** Exercise data follows **

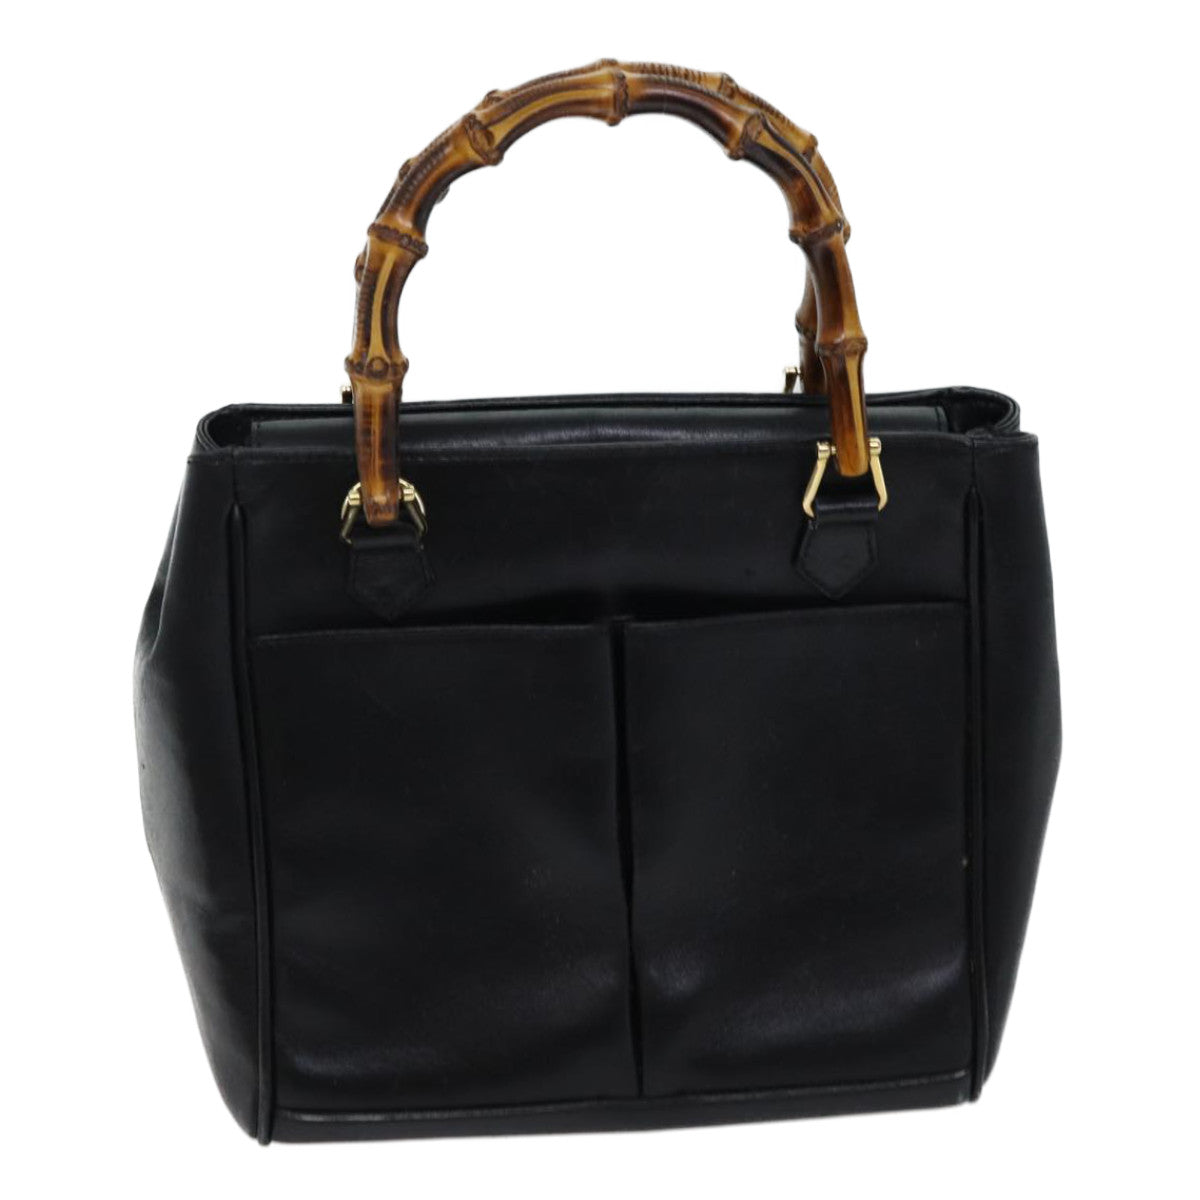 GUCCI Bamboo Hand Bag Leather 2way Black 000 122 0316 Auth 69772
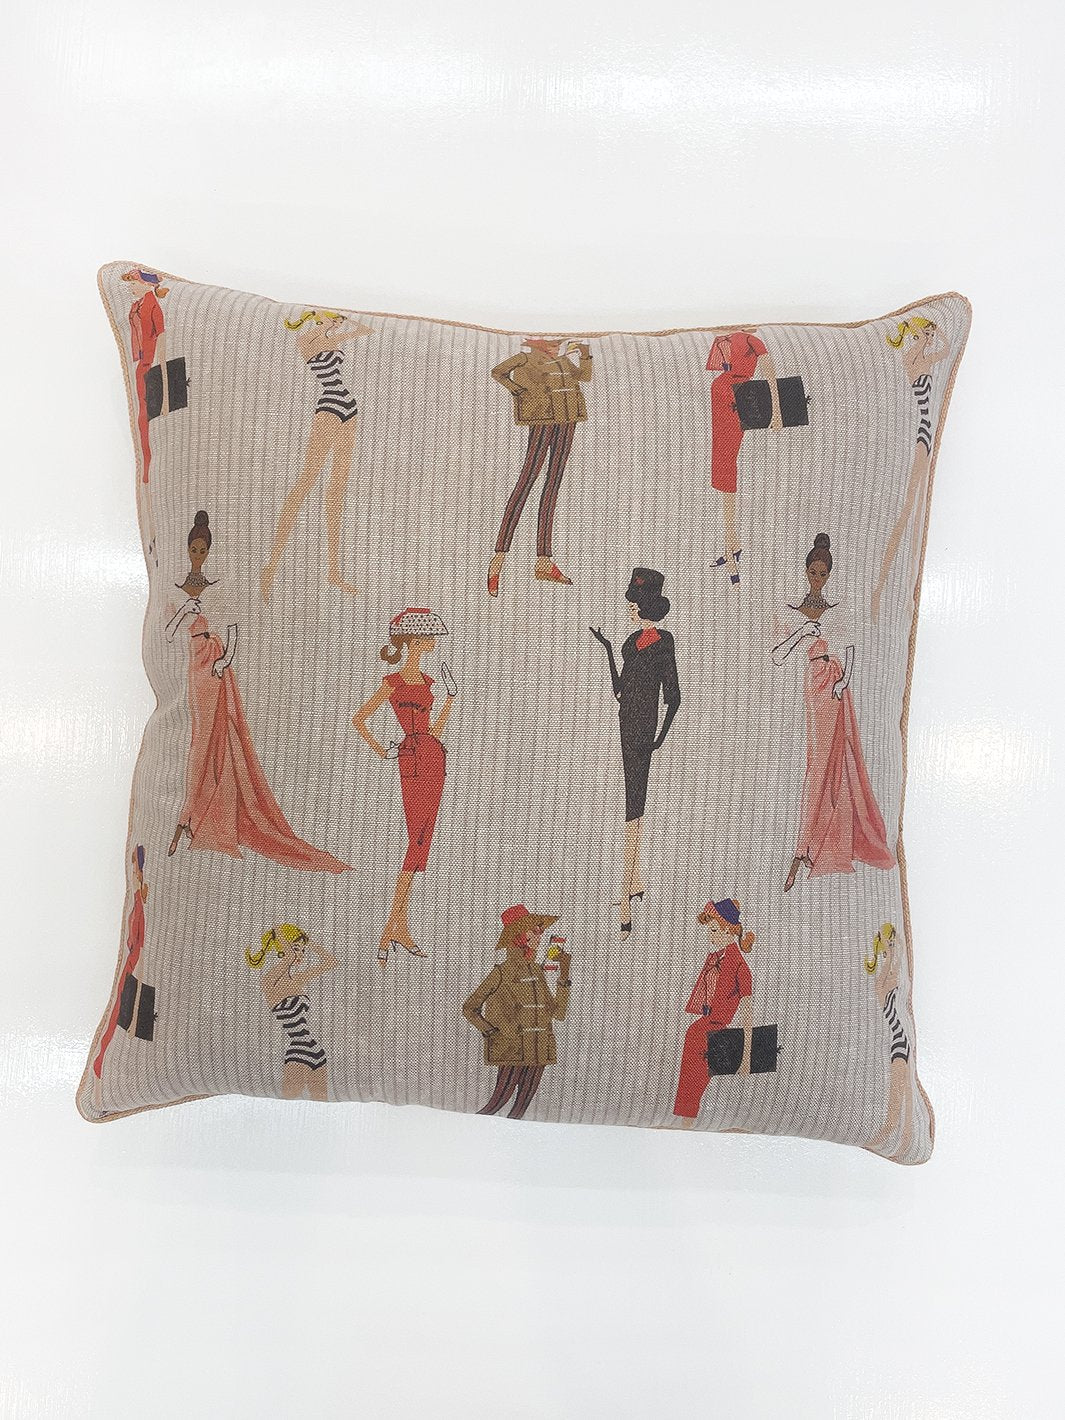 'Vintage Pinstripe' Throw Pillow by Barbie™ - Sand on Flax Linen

** End of Exercise data **
** Exercise data follows **

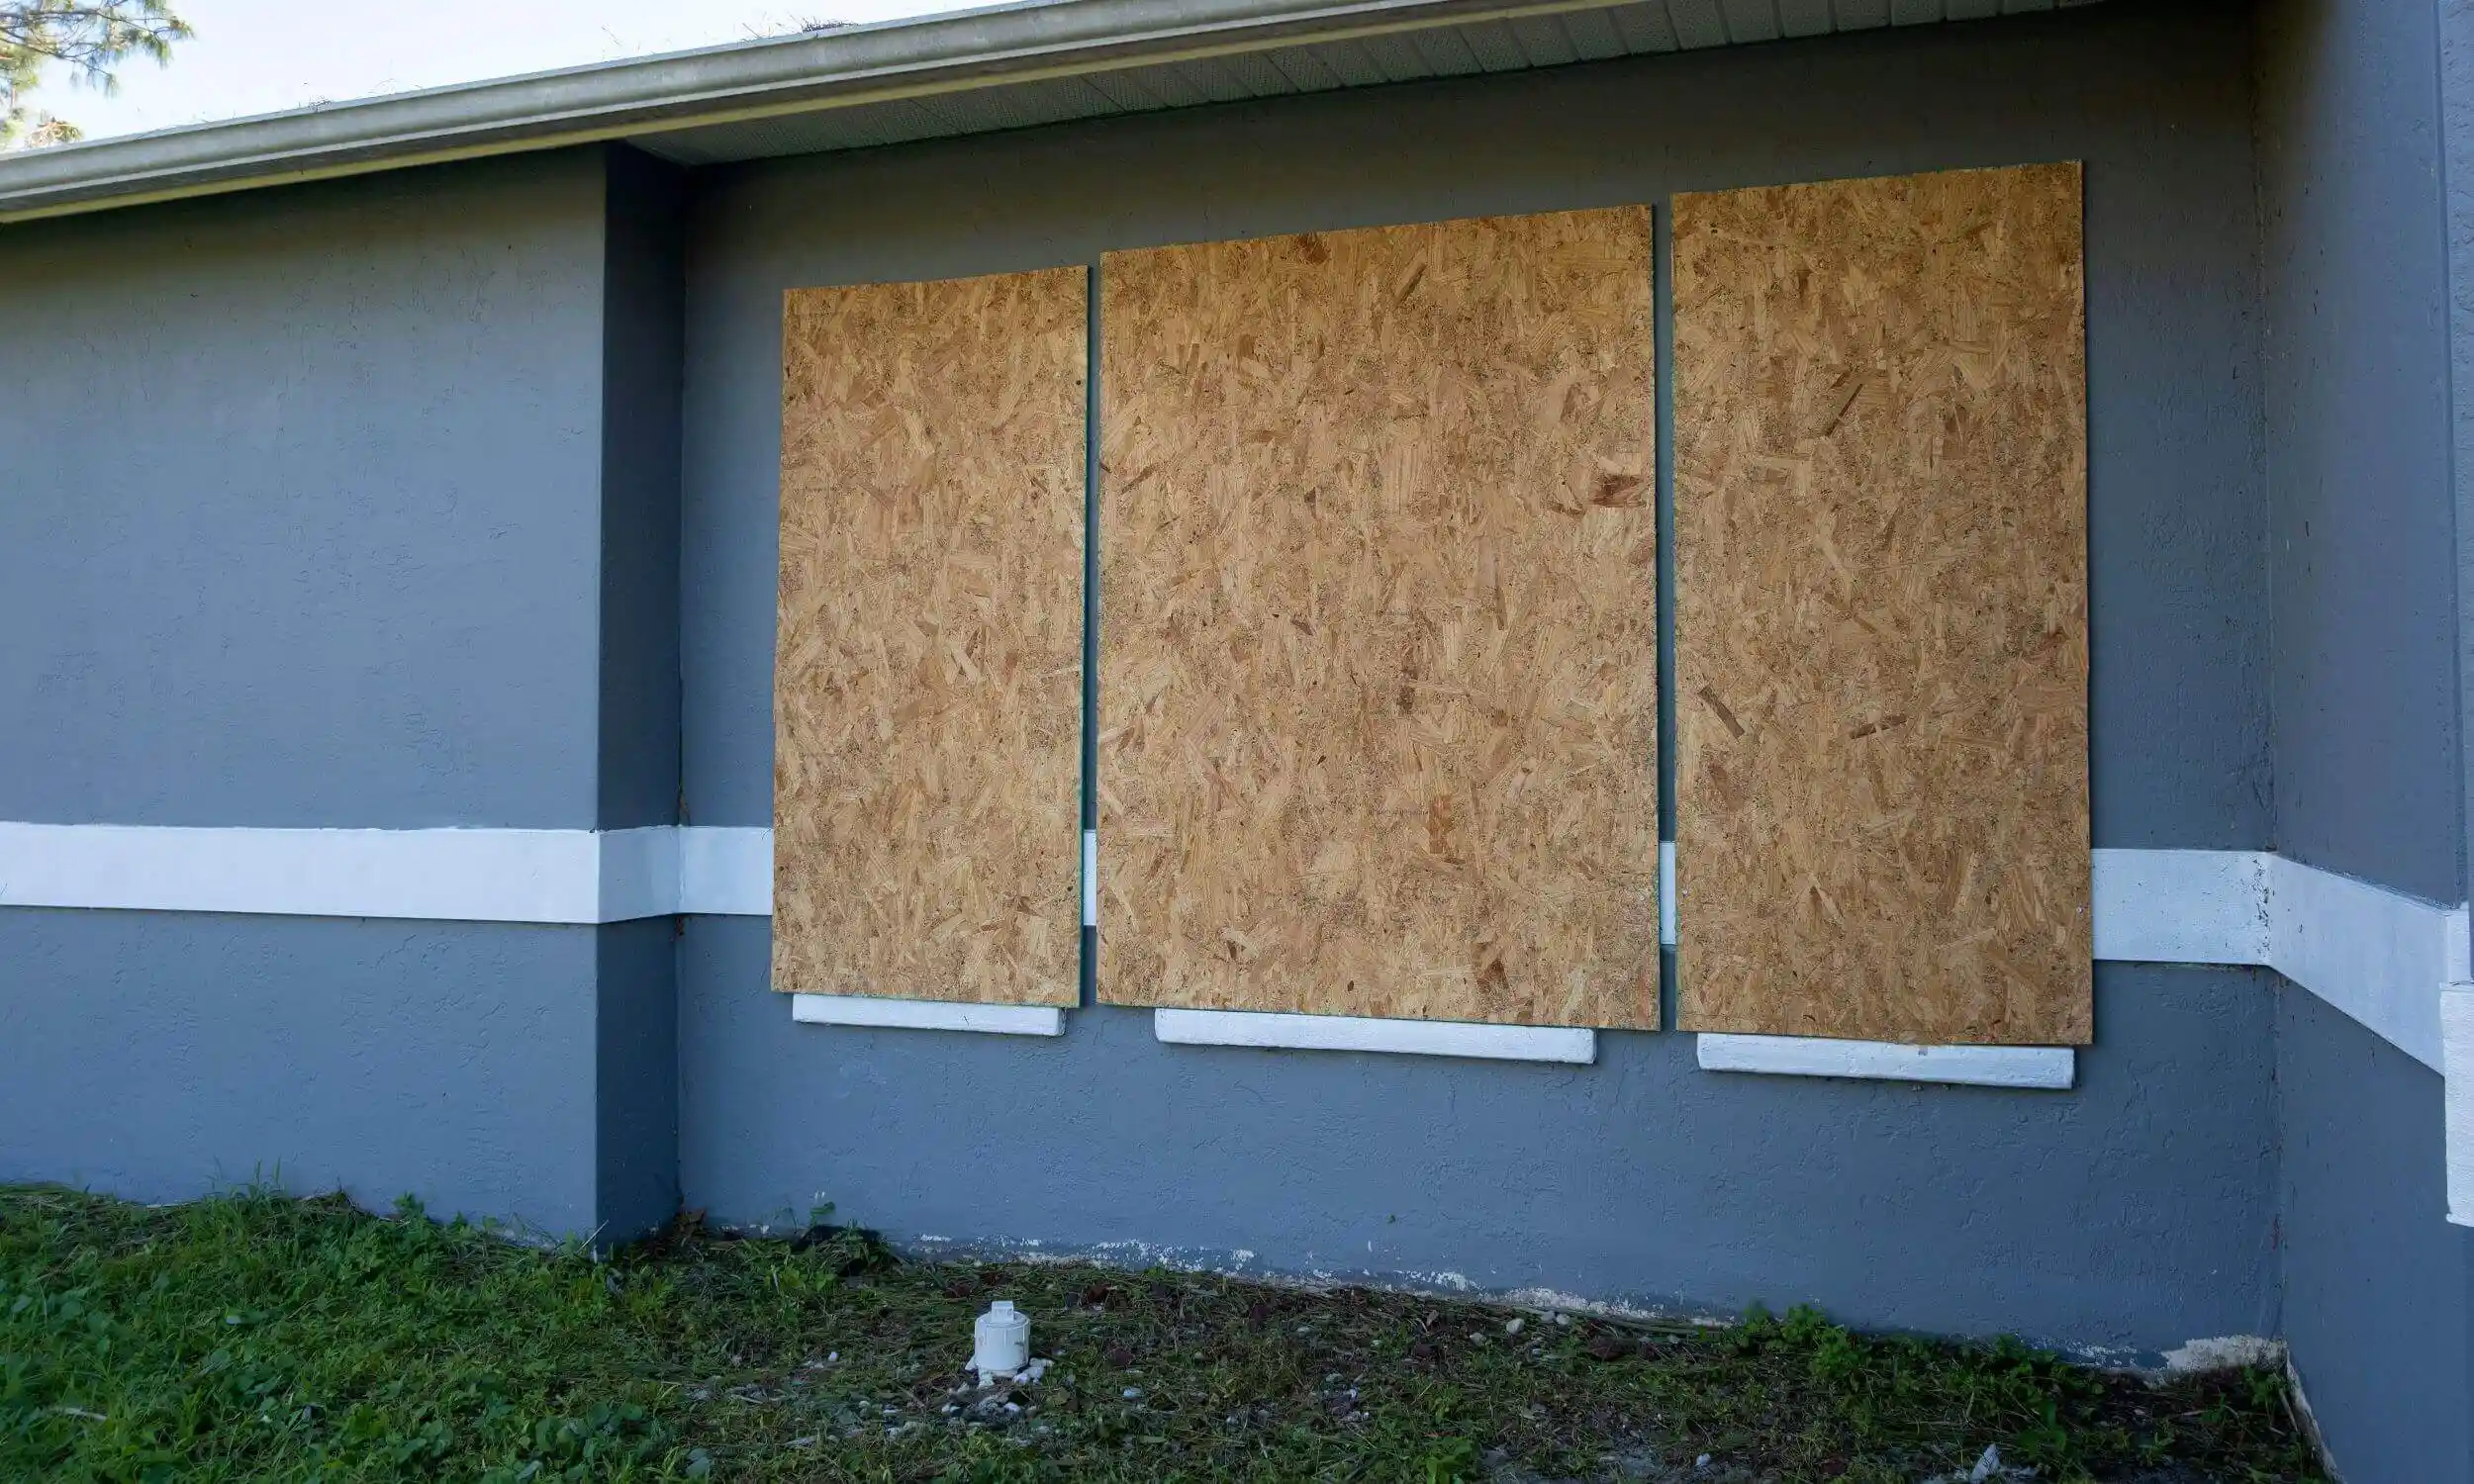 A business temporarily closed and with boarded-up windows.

** End of Exercise data **

The task =
Print exactly, with no pictures, the lines above from the one that holds "GUCCI Bamboo Hand" through the one that holds "on Flax Linen", both of them included.

Answer to the exercise =
 GUCCI Bamboo Hand Bag Leather 2way Black 000 122 0316 Auth 69772
 'Vintage Pinstripe' Throw Pillow by Barbie™ - Sand on Flax Linen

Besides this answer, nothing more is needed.